(Collected data entries)

-.-.-

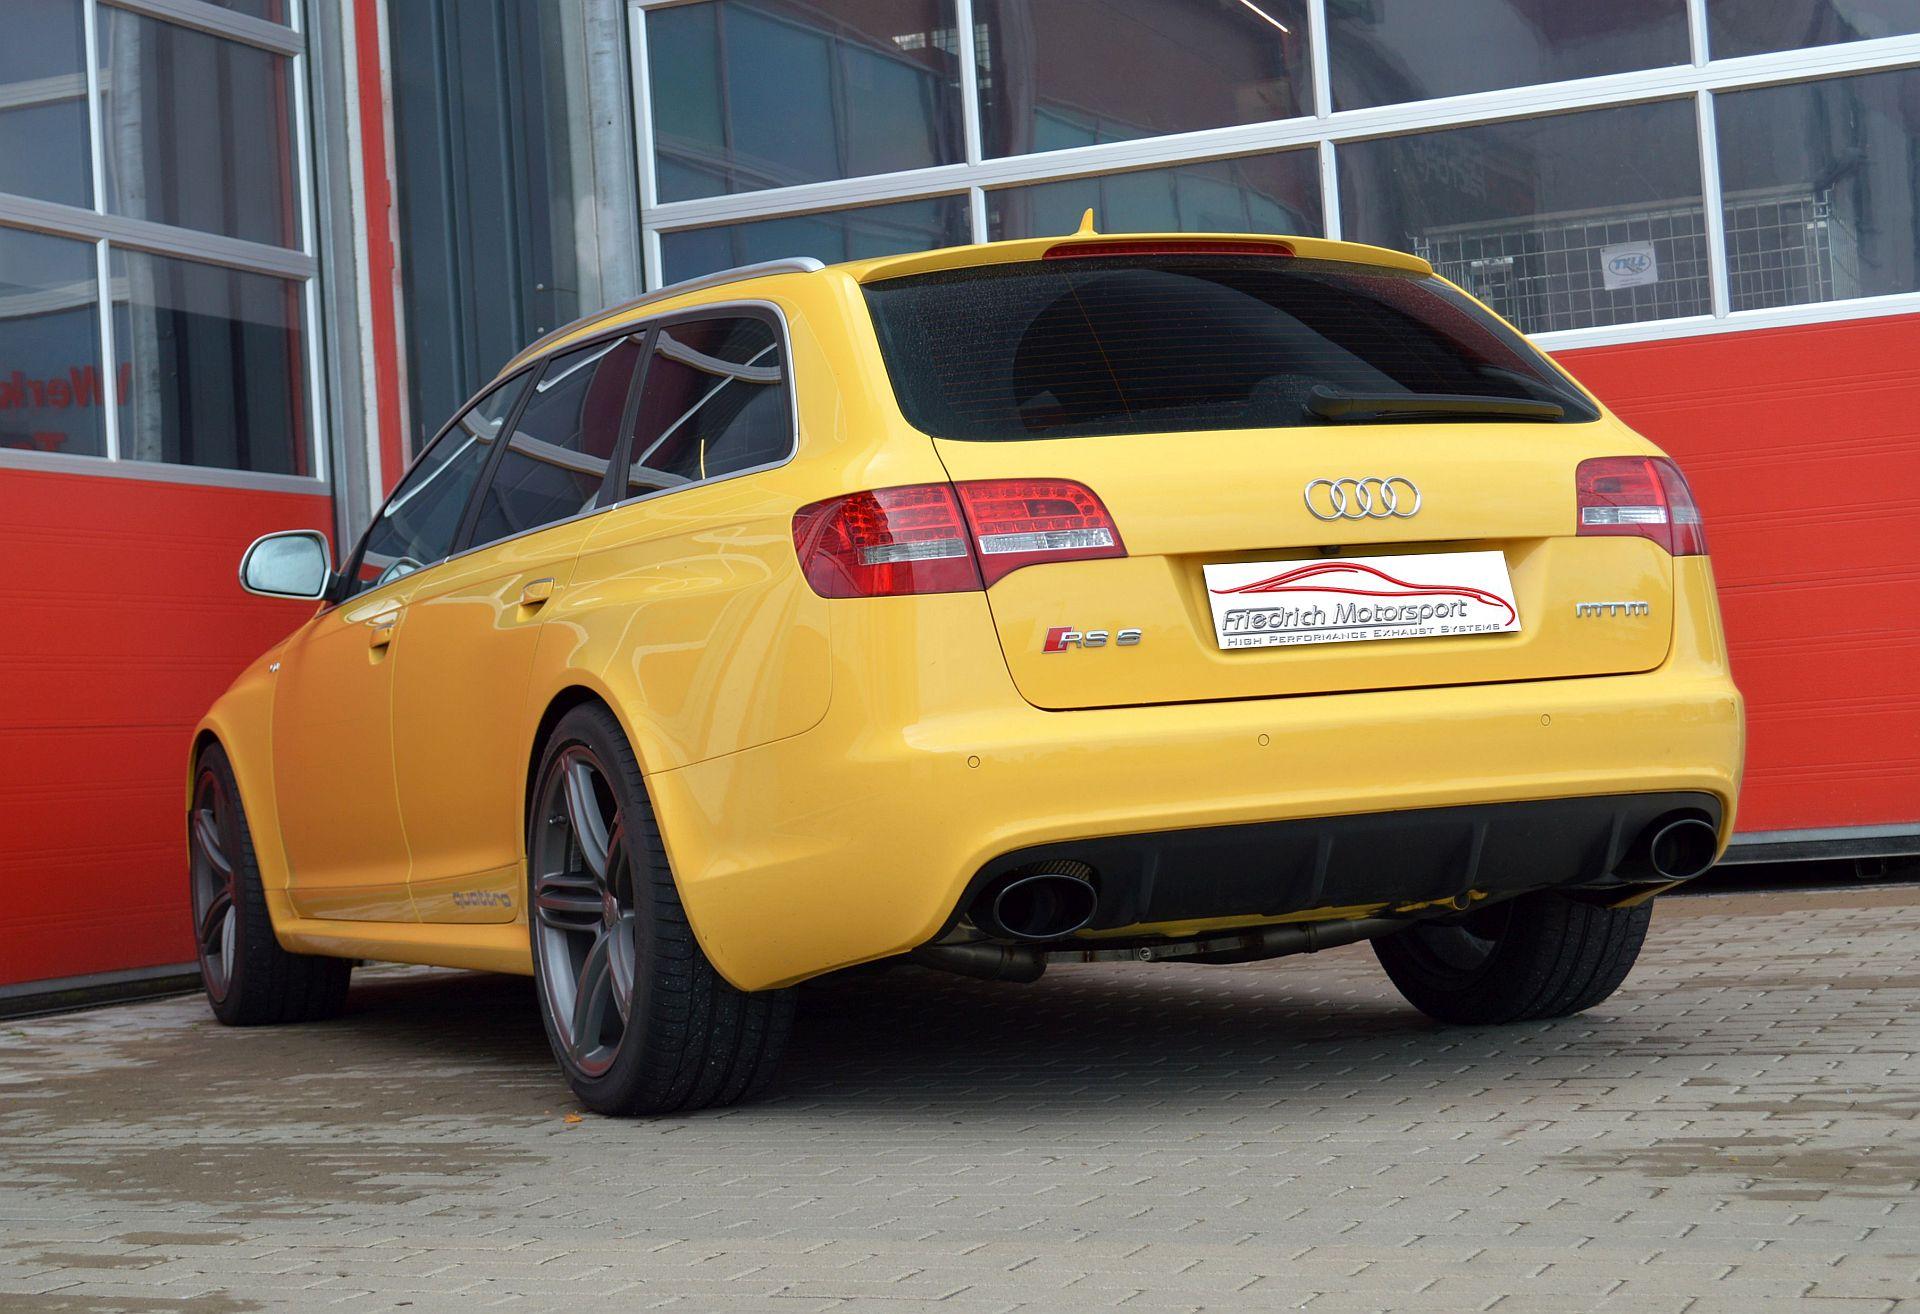 Friedrich Motorsport 76mm Duplex Auspuff Sportauspuff Anlage Audi RS6 4F Quattro
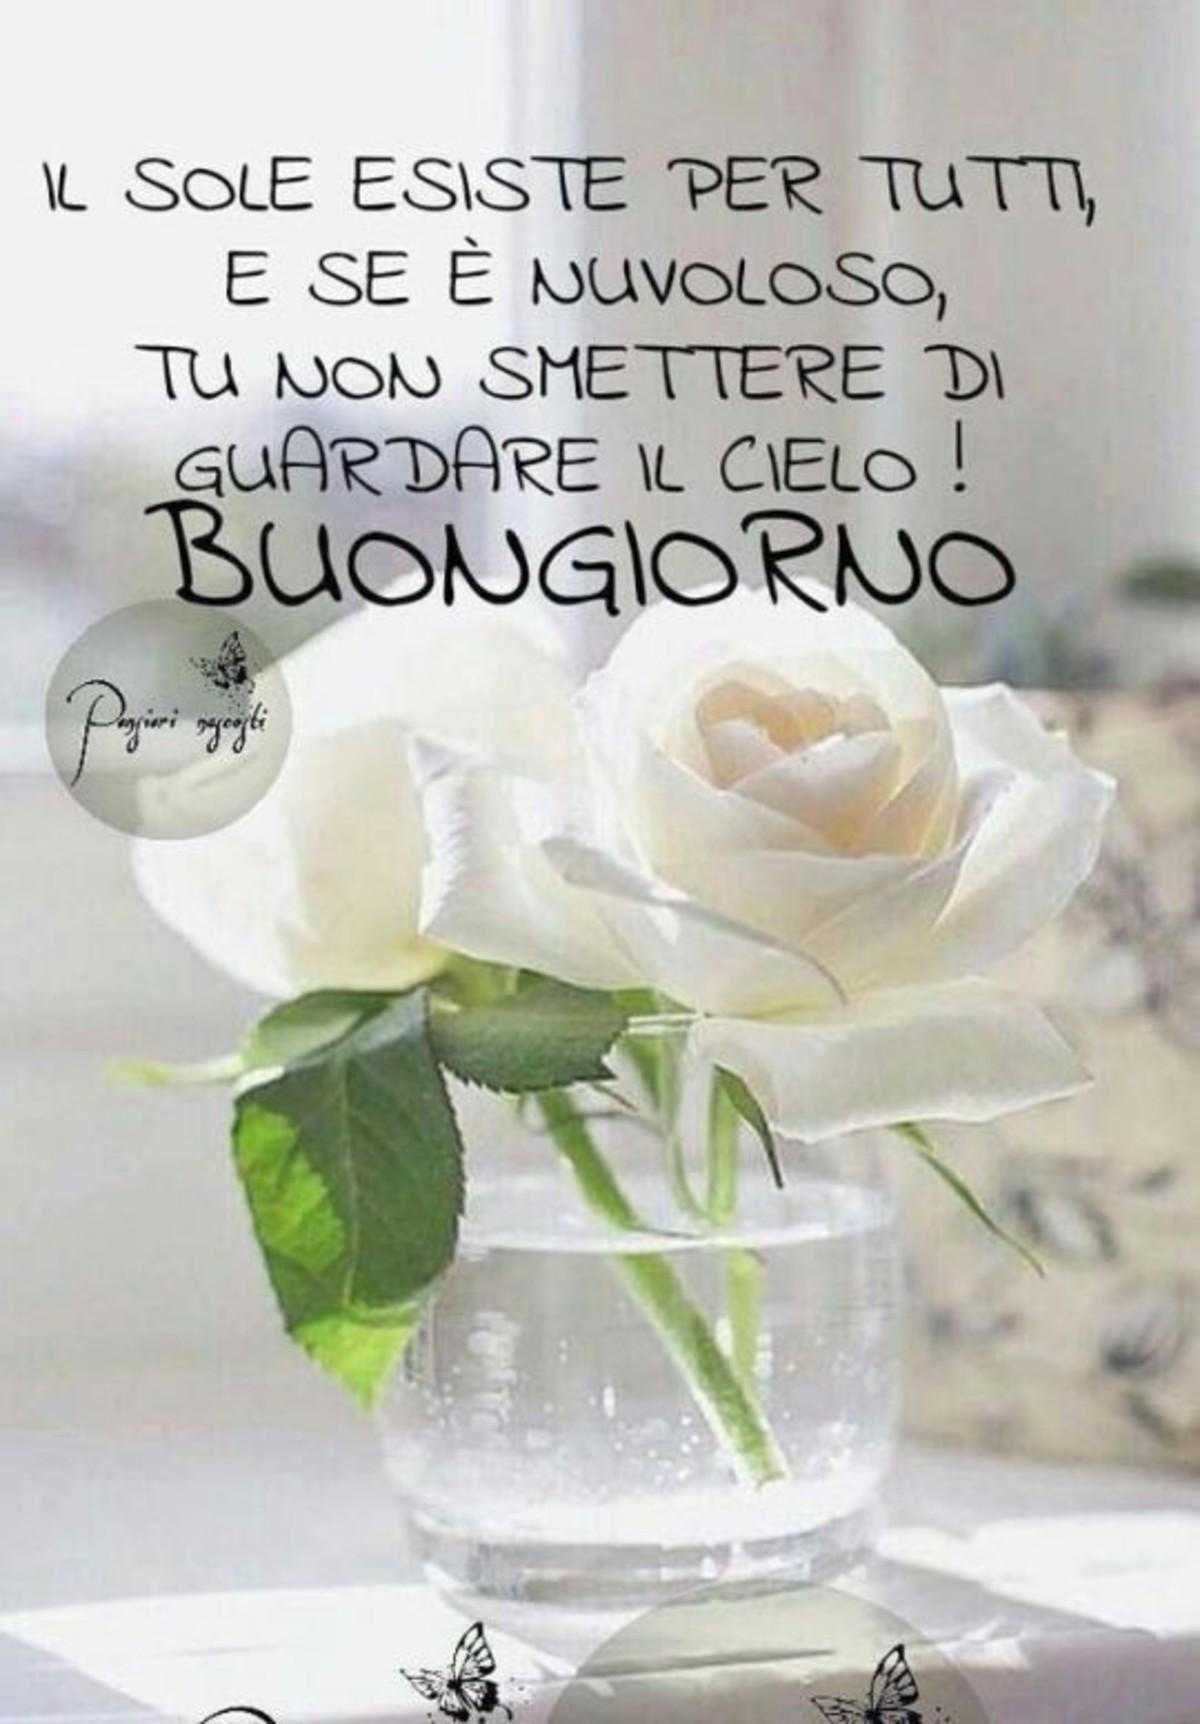 Belle Immagini Buongiorno Da Condividere 5 Buongiornoate It
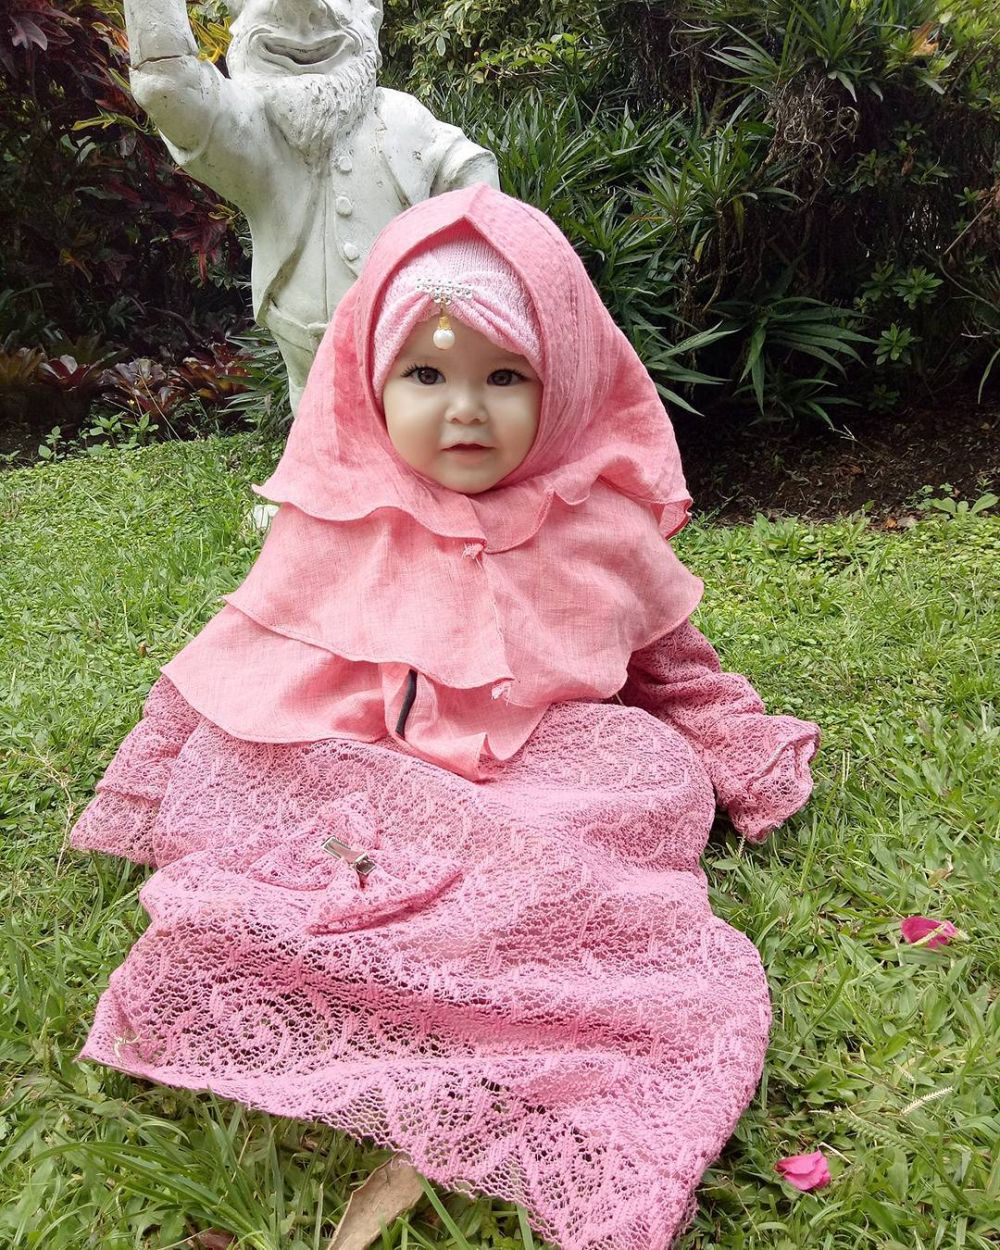 6 43 Naura Alaydrus, Bayi 1 Tahun yang Hits Karena Hijabnya, Seperti ini 12 Potret Lucunya, Gemesin Banget
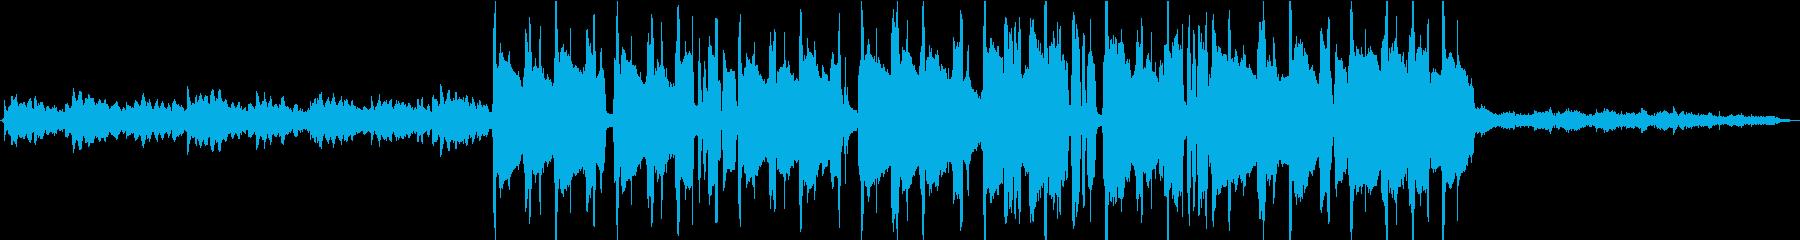 朧気・切ない・lofi hiphop④の再生済みの波形
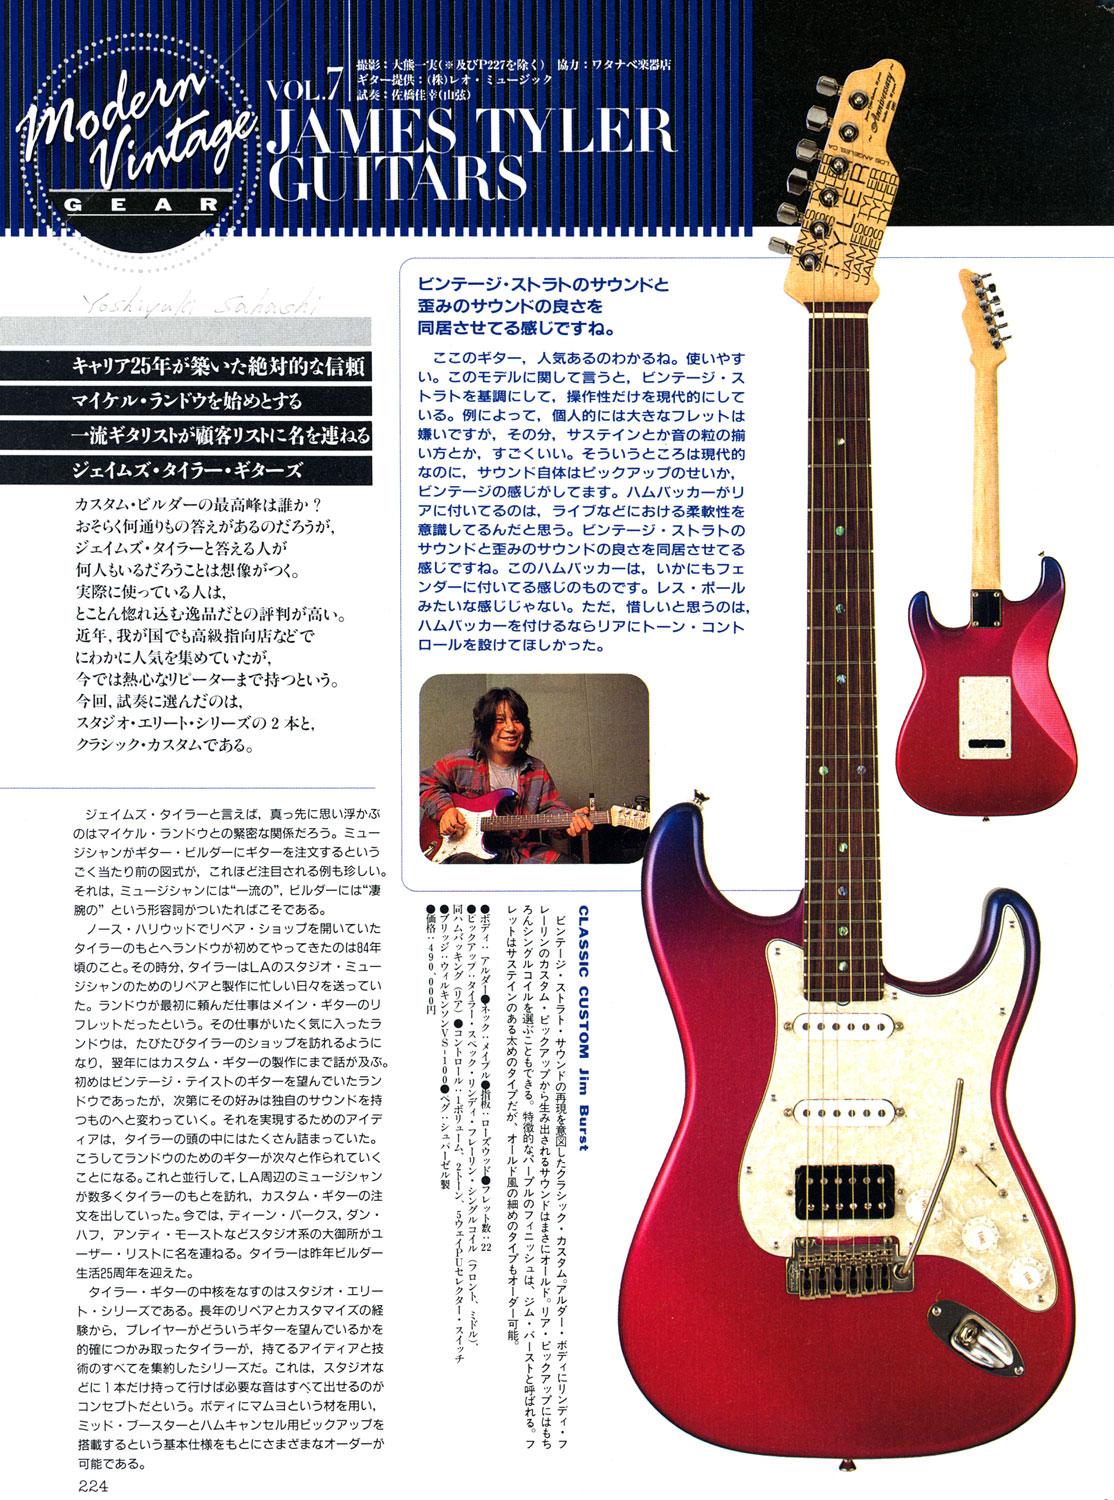 Copy of 1998 Guitar Magazine
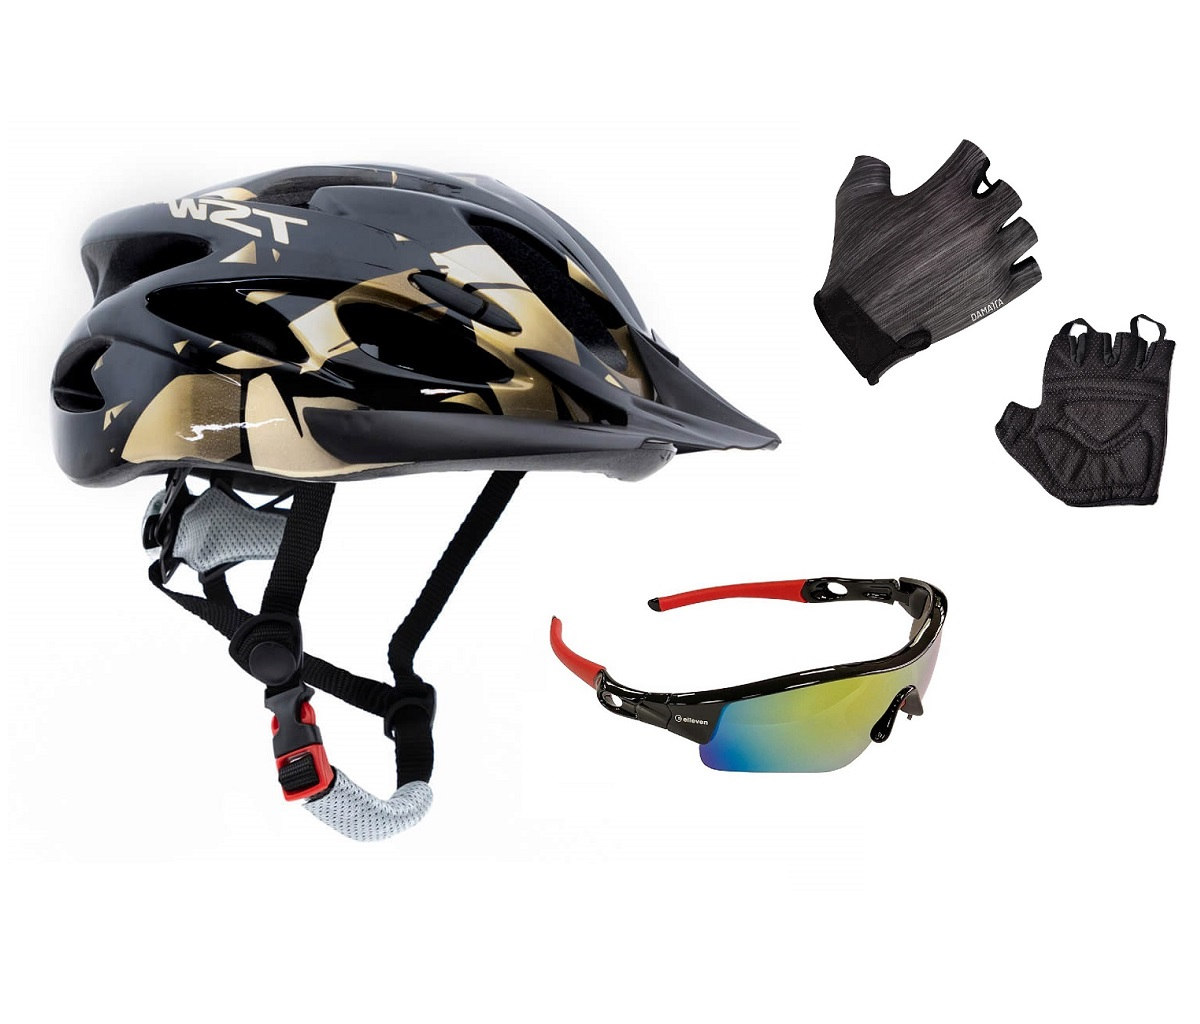 Capacete Bike Led Raptor Tsw + Luva Damatta + Óculos Ciclismo

-.-.-

Excluding the pictures, reproduce every entry exactly as given.

 Friedrich Motorsport 76mm Duplex Auspuff Sportauspuff Anlage Audi RS6 4F Quattro
 Belle Immagini Buongiorno Da Condividere 5 Buongiornoate It
 6 43 Naura Alaydrus, Bayi 1 Tahun yang Hits Karena Hijabnya, Seperti ini 12 Potret Lucunya, Gemesin Banget
 朧気・切ない・lofi hiphop④の再生済みの波形
 Copy of 1998 Guitar Magazine
 Capacete Bike Led Raptor Tsw + Luva Damatta + Óculos Ciclismo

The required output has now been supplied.